● **Activity**
Give back all of the data exactly, with every picture omitted.

● **Source data**
════════
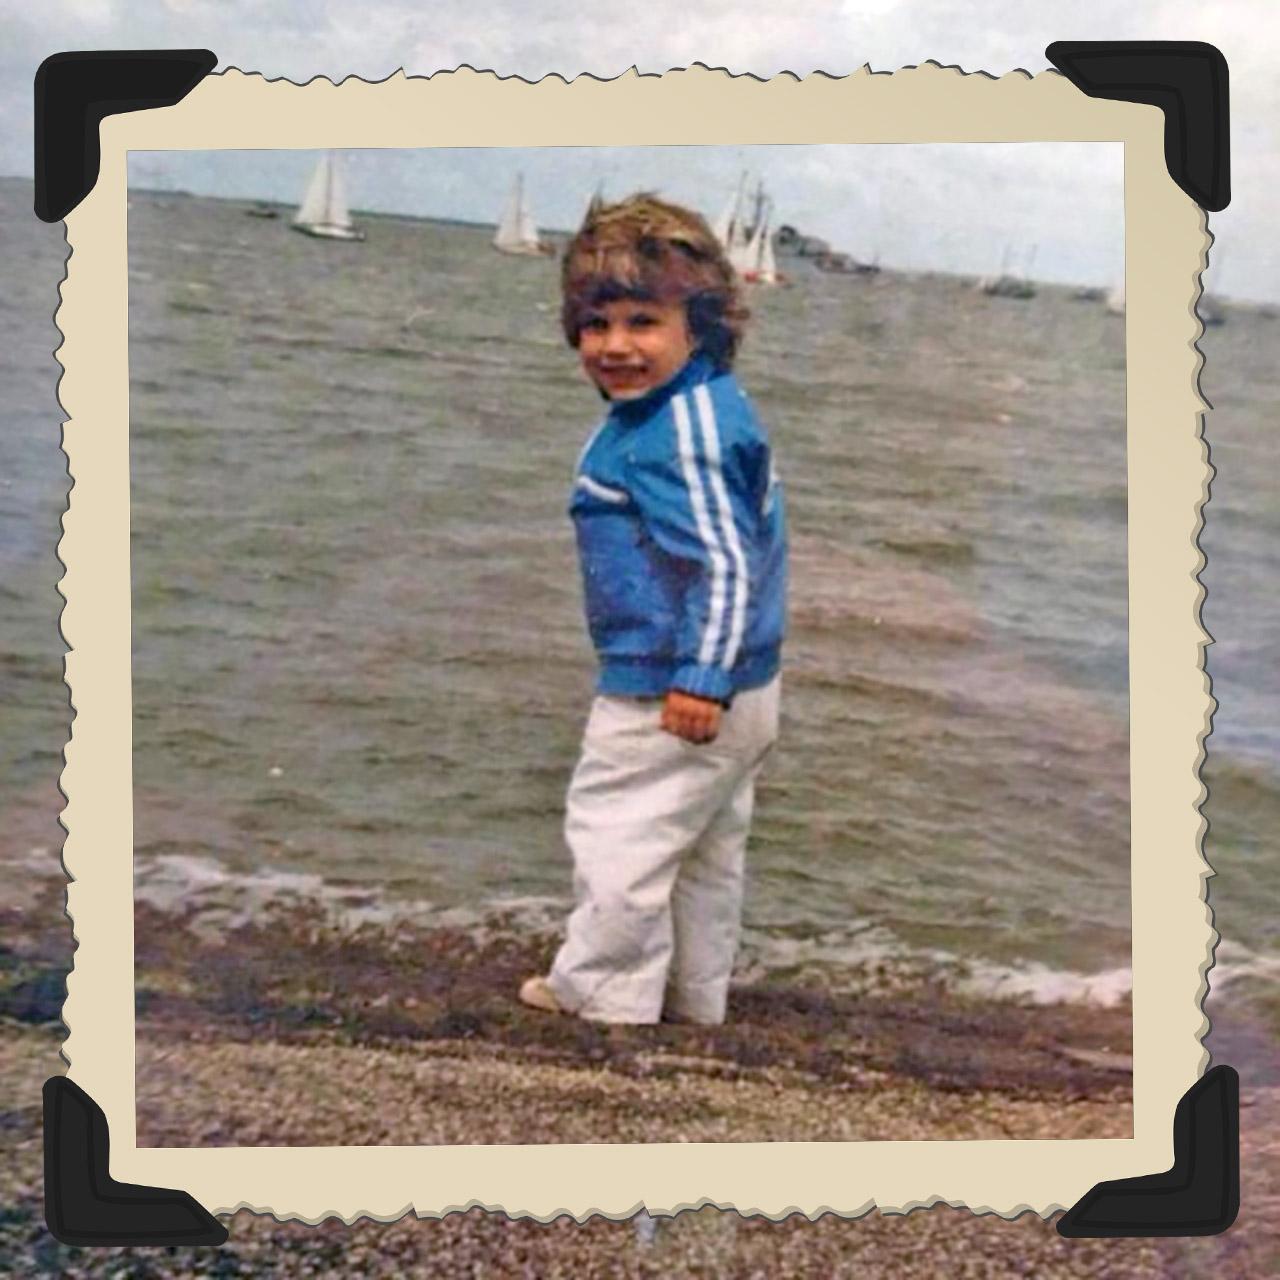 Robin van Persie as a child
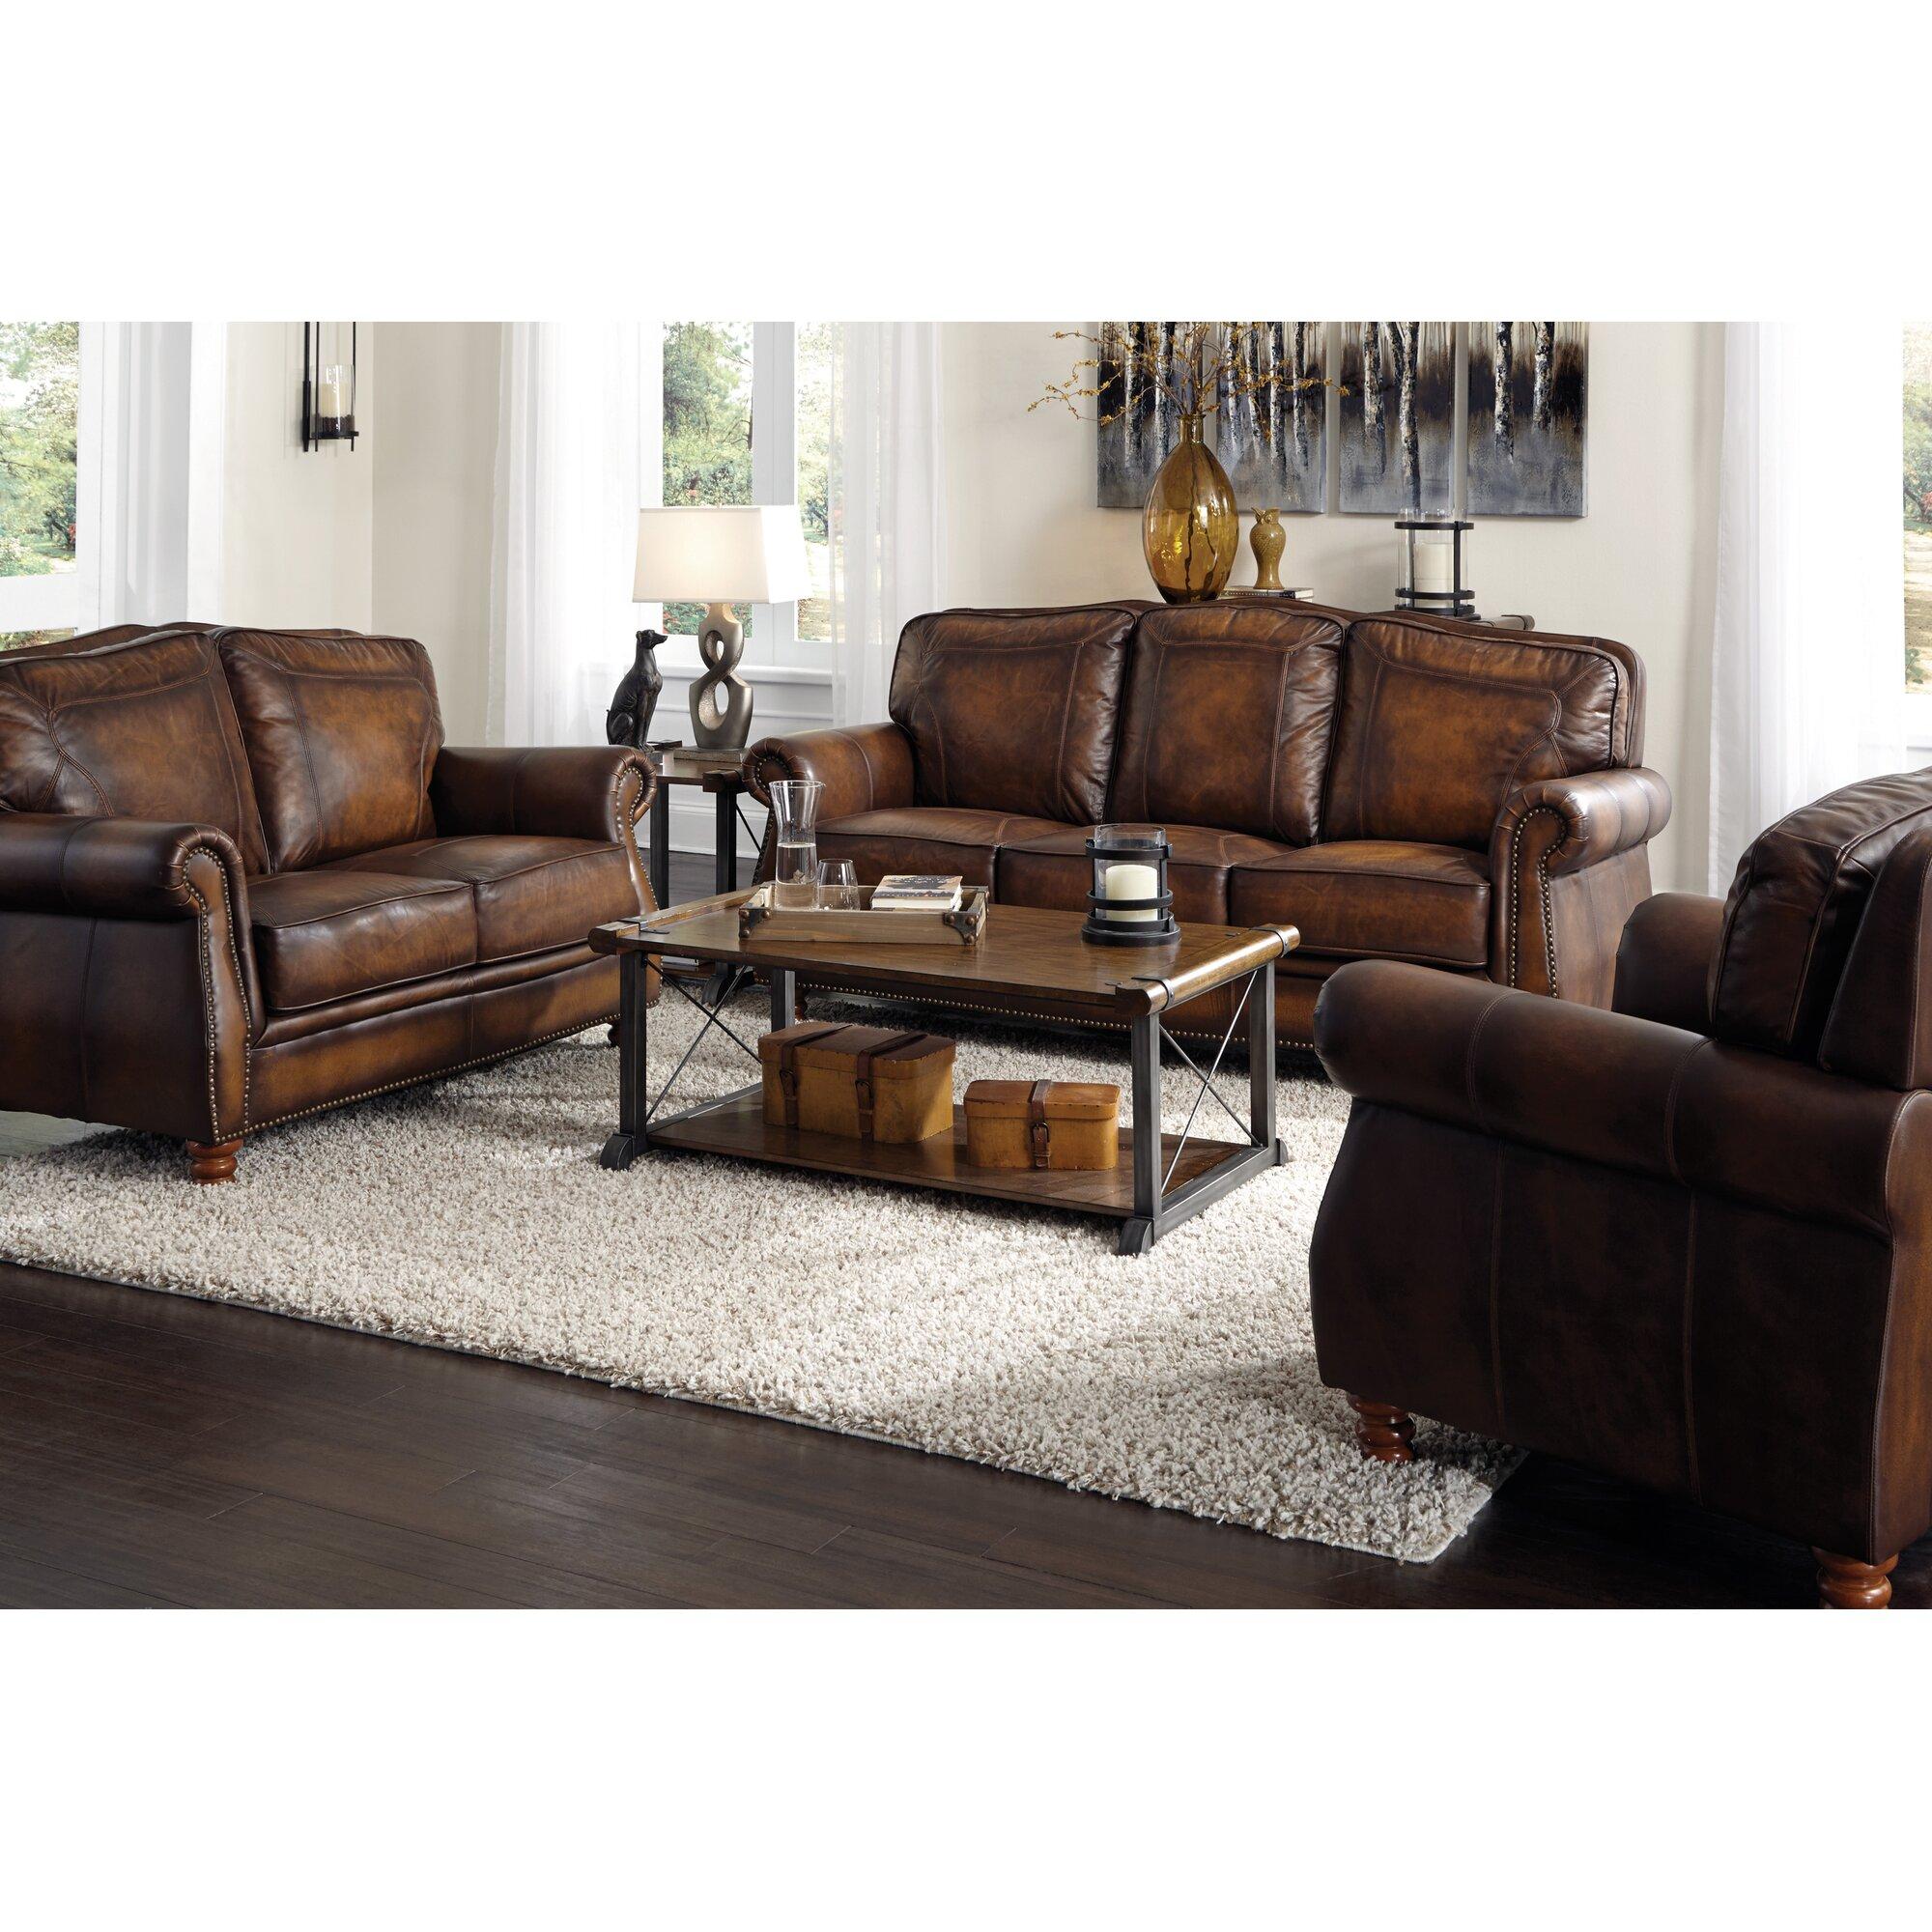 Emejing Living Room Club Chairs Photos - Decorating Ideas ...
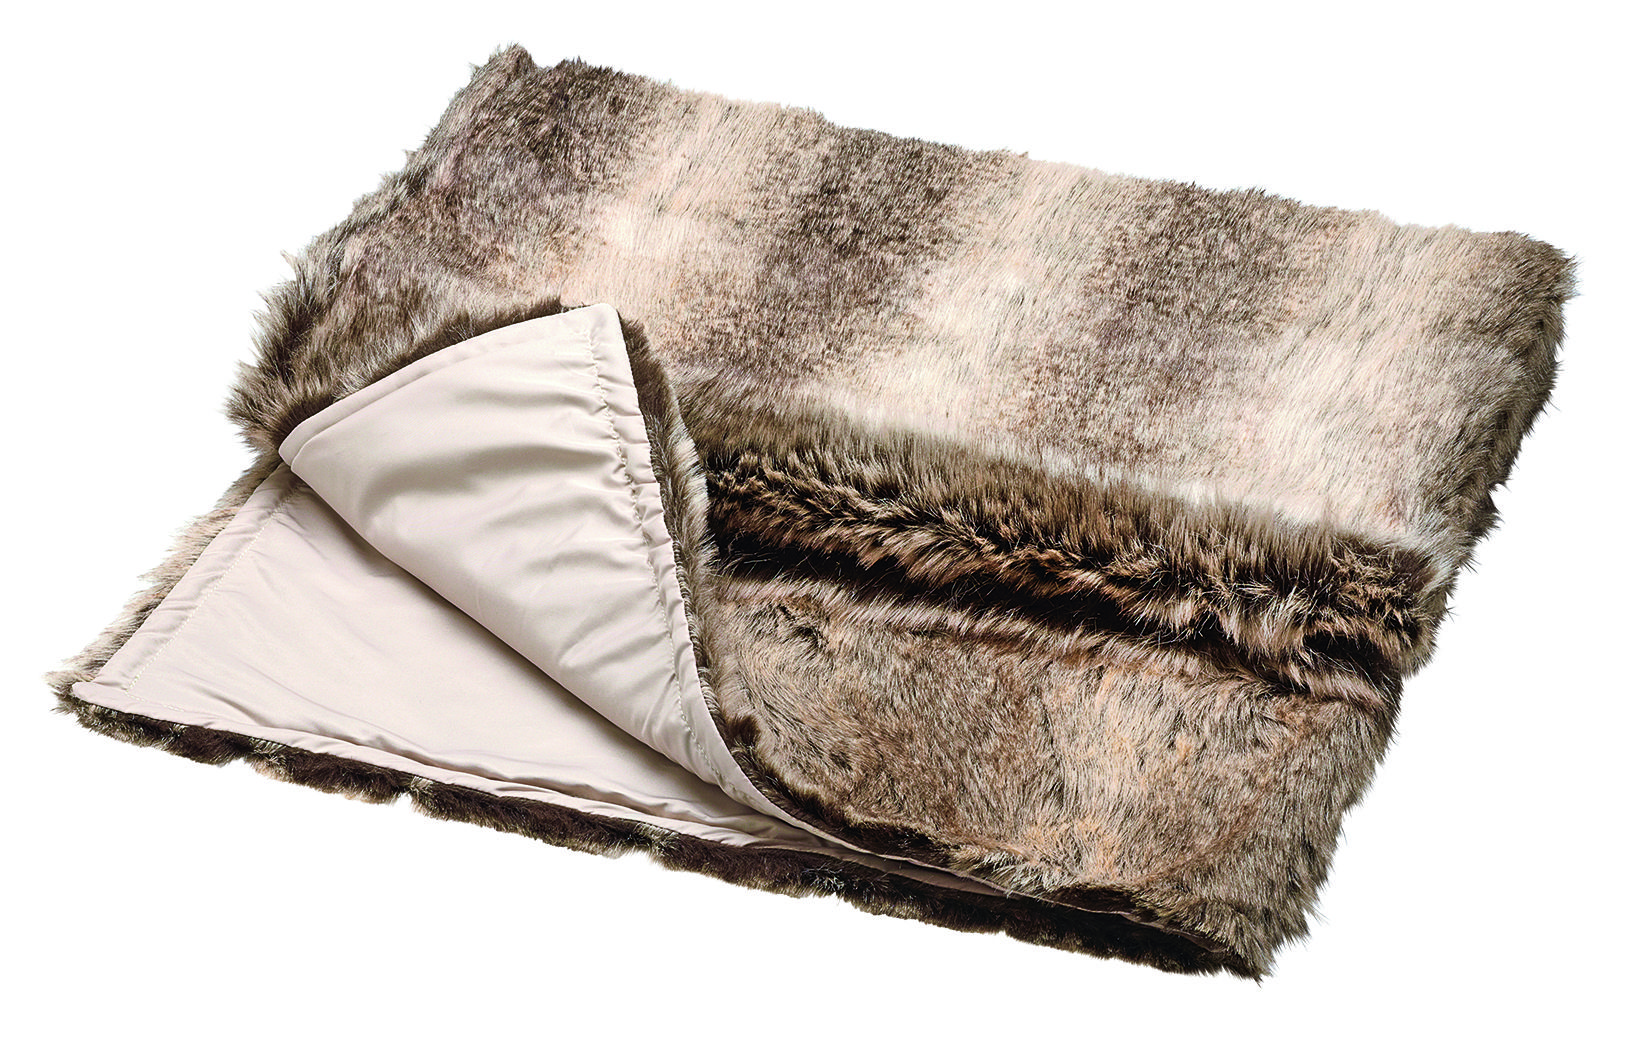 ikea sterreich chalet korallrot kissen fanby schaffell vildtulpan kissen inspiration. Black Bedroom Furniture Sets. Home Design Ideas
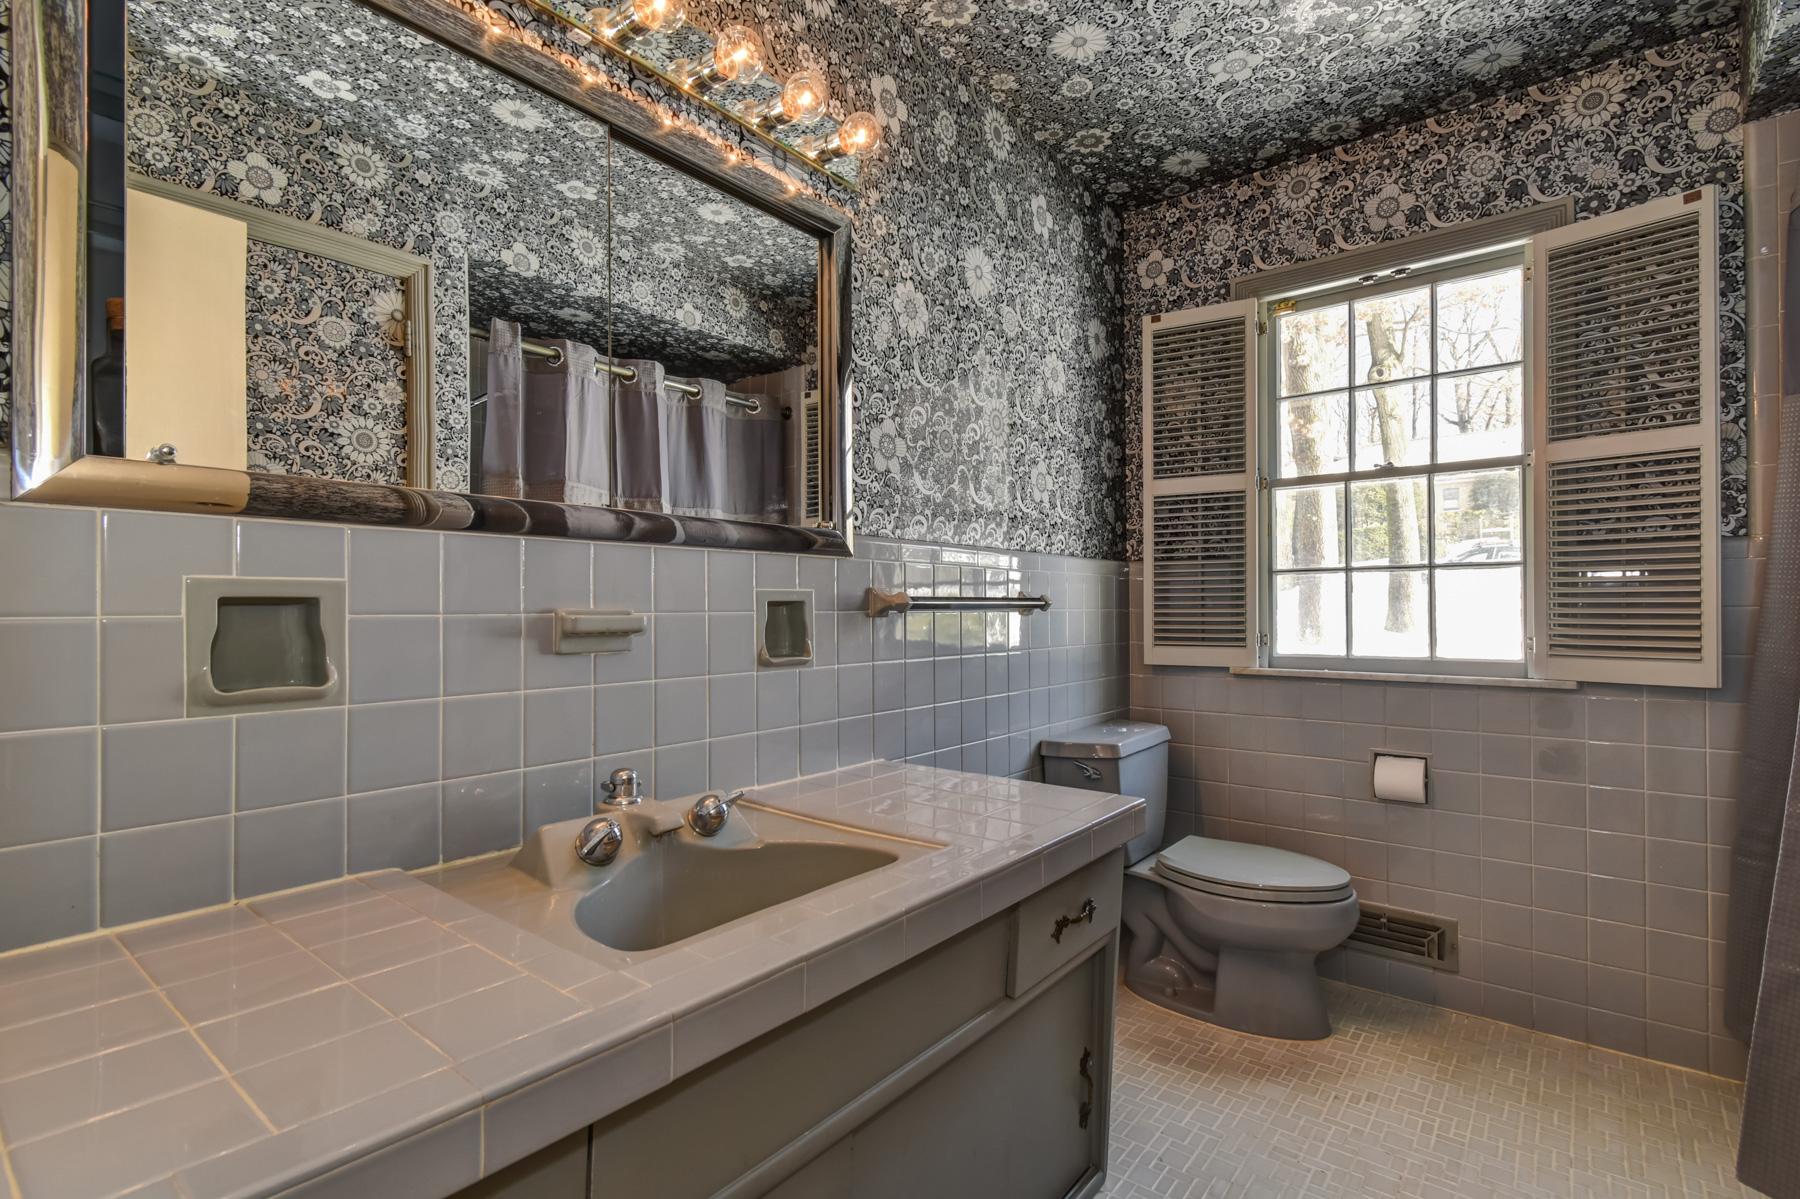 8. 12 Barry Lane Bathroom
════════
● **Reply to the task**
 Robin van Persie as a child
 Emejing Living Room Club Chairs Photos - Decorating Ideas ...
 ikea sterreich chalet korallrot kissen fanby schaffell vildtulpan kissen inspiration. Black Bedroom Furniture Sets. Home Design Ideas
 8. 12 Barry Lane Bathroom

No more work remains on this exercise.